There is therefore an ongoing need for a backpack of the type described in the preamble which is more discreet and/or can be deployed more quickly and/or offers greater protection.
An aim of the present invention is to respond to this need.
In a first main embodiment, the invention proposes a backpack of the type described in the preamble which is noteworthy in that the flap is made at least in part of a ballistic protection material, in other words it is capable of offering the wearer protection against gunfire or other ammunition.
Advantageously, the flap thereby helps to protect the wearer.
In a second main embodiment, the invention proposes a backpack of the type described in the preamble, noteworthy in that the shield straps exhibit a degree of elasticity.
During deployment of the shield, in other words during its movement from the storage position to the deployed position, the wearer may thereby move the shield away from the edge of the compartment opening to create an opening which allows the wearer's head or neck to pass through. The elasticity of the shield straps allows this gap to be increased, which enables the head to pass through and speeds up deployment.
Advantageously, a backpack of this kind may therefore be used by a wearer equipped with a helmet, for example a motorcycle helmet or a combat helmet.
Moreover, after the head has passed through, the wearer relaxes the tension on the straps, which allows the shield to move back up the wearer's torso towards his neck. This means that the upper part of the torso can be perfectly protected.
The elasticity of the shield straps is preferably determined to make the shield move back up elastically towards the wearer's neck, once said wearer has stopped pulling on the pull-type handle, preferably until the shield is in contact with the wearer's neck, preferably until it rests on the wearer's neck.
In a third main embodiment, the invention proposes a backpack of the type described in the preamble which is noteworthy in that it comprises a belt referred to as a “shield belt” fixed to the compartment, preferably in a deactivatable manner, proximate to the base of the compartment, preferably at less than 30 cm, preferably at less than 20 cm, from said base, and adapted to be able to be fixed to the shield, at least temporarily, in the deployed position.
The shield belt therefore allows the shield to be immobilised against the wearer's torso.
Advantageously, this improves the protection of the wearer.
In a fourth main embodiment, the invention proposes a backpack of the type described in the preamble, noteworthy in that in the closed position the strap is fixed to the compartment by means of a magnetic fastening.

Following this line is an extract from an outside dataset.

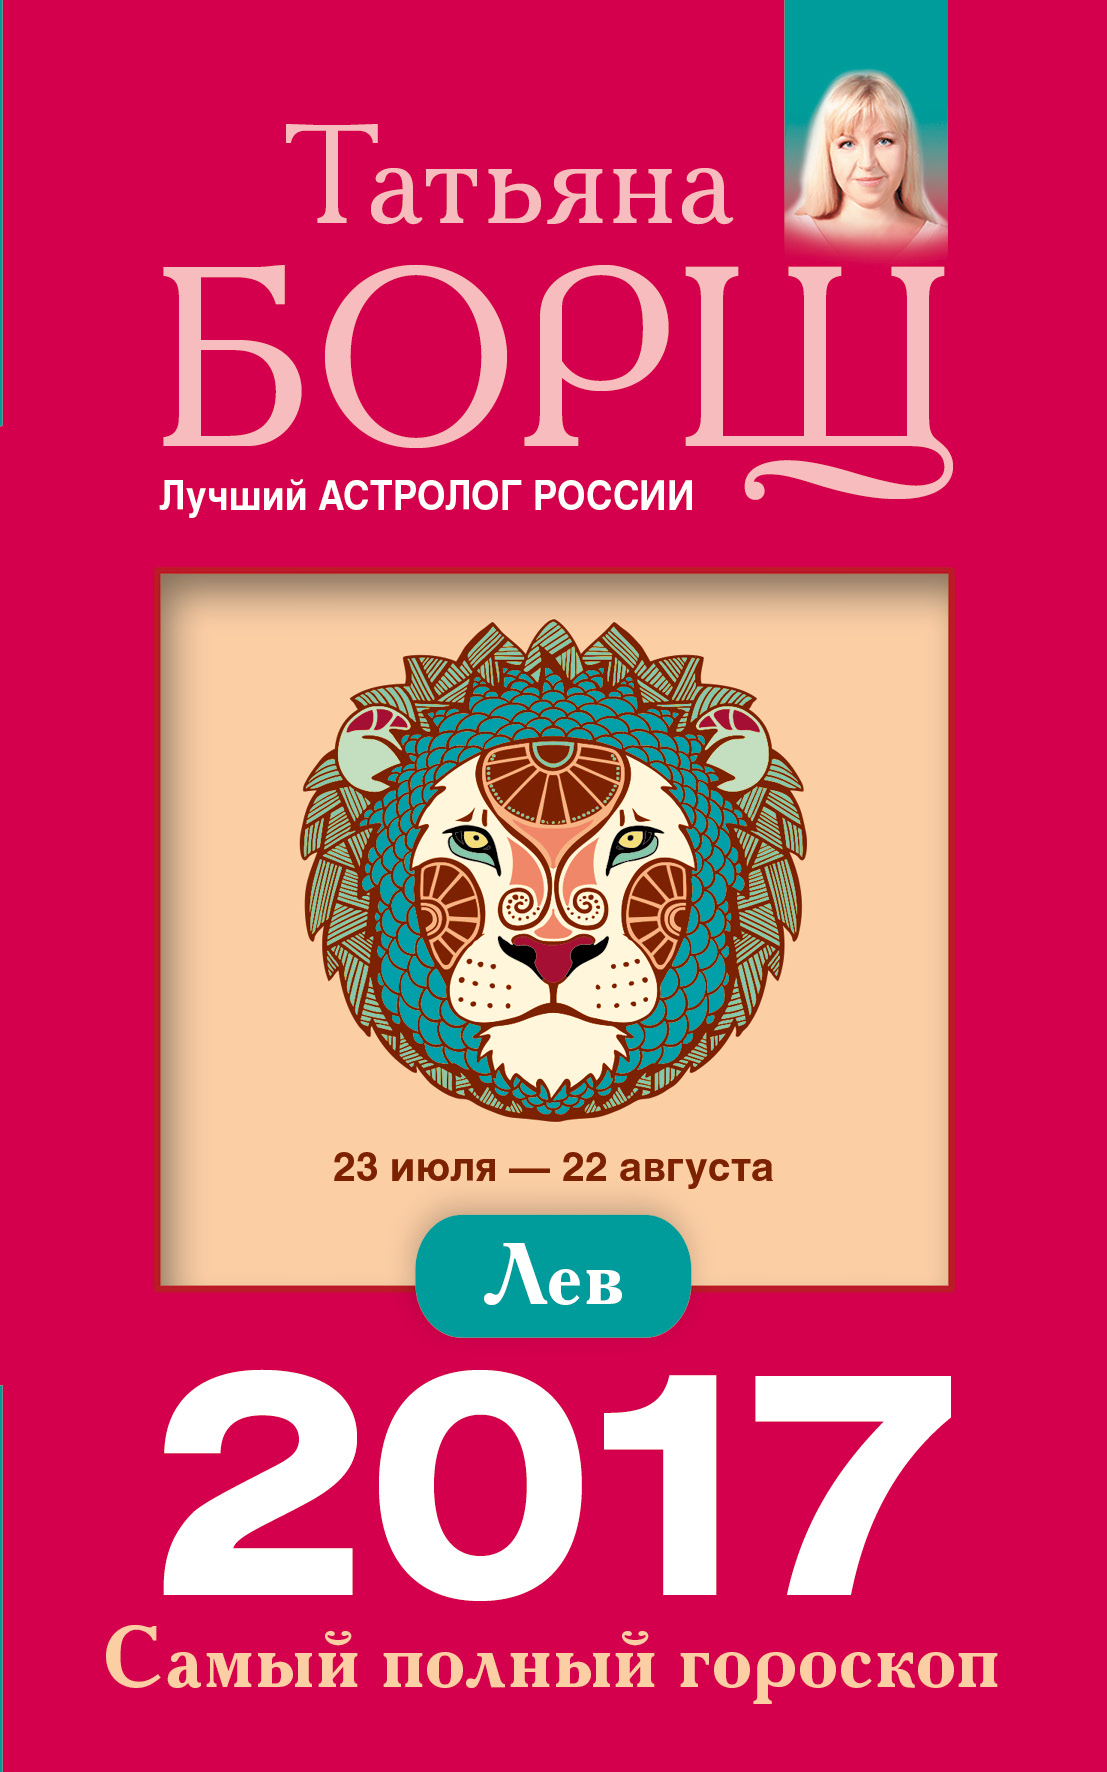 Лев. Самый полный гороскоп на 2017 год

The use of a magnetic fastening advantageously allows detachment under the effect of a low amplitude force and, in particular, under the effect of the force exerted by the shield when the wearer pulls the pull-type handle. The implementation of a magnetic fastening makes the fastening deactivation devices useless, as links mechanically connecting the pull-type handle to the fastening to move said fastening towards its unfastened position at the same time as a the pull-type handle is pulled on to move the shield towards its deployed position, as described in FR 2 962 017.
This improves the discreetness of the backpack.
Magnetic fastenings likewise allow said fastening to be fastened and unfastened, while at the same time limiting wear.
In a fifth main embodiment, the invention proposes a backpack of the type described in the preamble in which, in the storage position, the shield is fixed, preferably suspended, in a deactivatable manner, to the compartment, preferably on the inside of the compartment, more preferably to the rear face of the compartment, in other words to the face which, when the backpack is worn by the wearer, extends at least in part against the back of said wearer.
In a sixth main embodiment, the invention proposes a backpack of the type described in the preamble, in which, when the shield is in the storage position and the flap is in the closed position, the pull-type handle extends over a height greater than 5 cm, preferably greater than 8 cm, above the top of the flap.
The backpack preferably comprises shoulder straps which are adapted in such a manner that when the backpack is worn by a wearer with the shield in the storage position the pull-type handle extends at least in part behind the nape of the neck, even behind the head of said wearer.
As will be seen in greater detail later on in the description, the presence of a pull-type handle of this kind allows the time required in order to deploy the shield to be considerably reduced and constitutes a particularly notable improvement.
In a seventh main embodiment, the invention proposes a backpack of the type described in the preamble in which the flap is detachable.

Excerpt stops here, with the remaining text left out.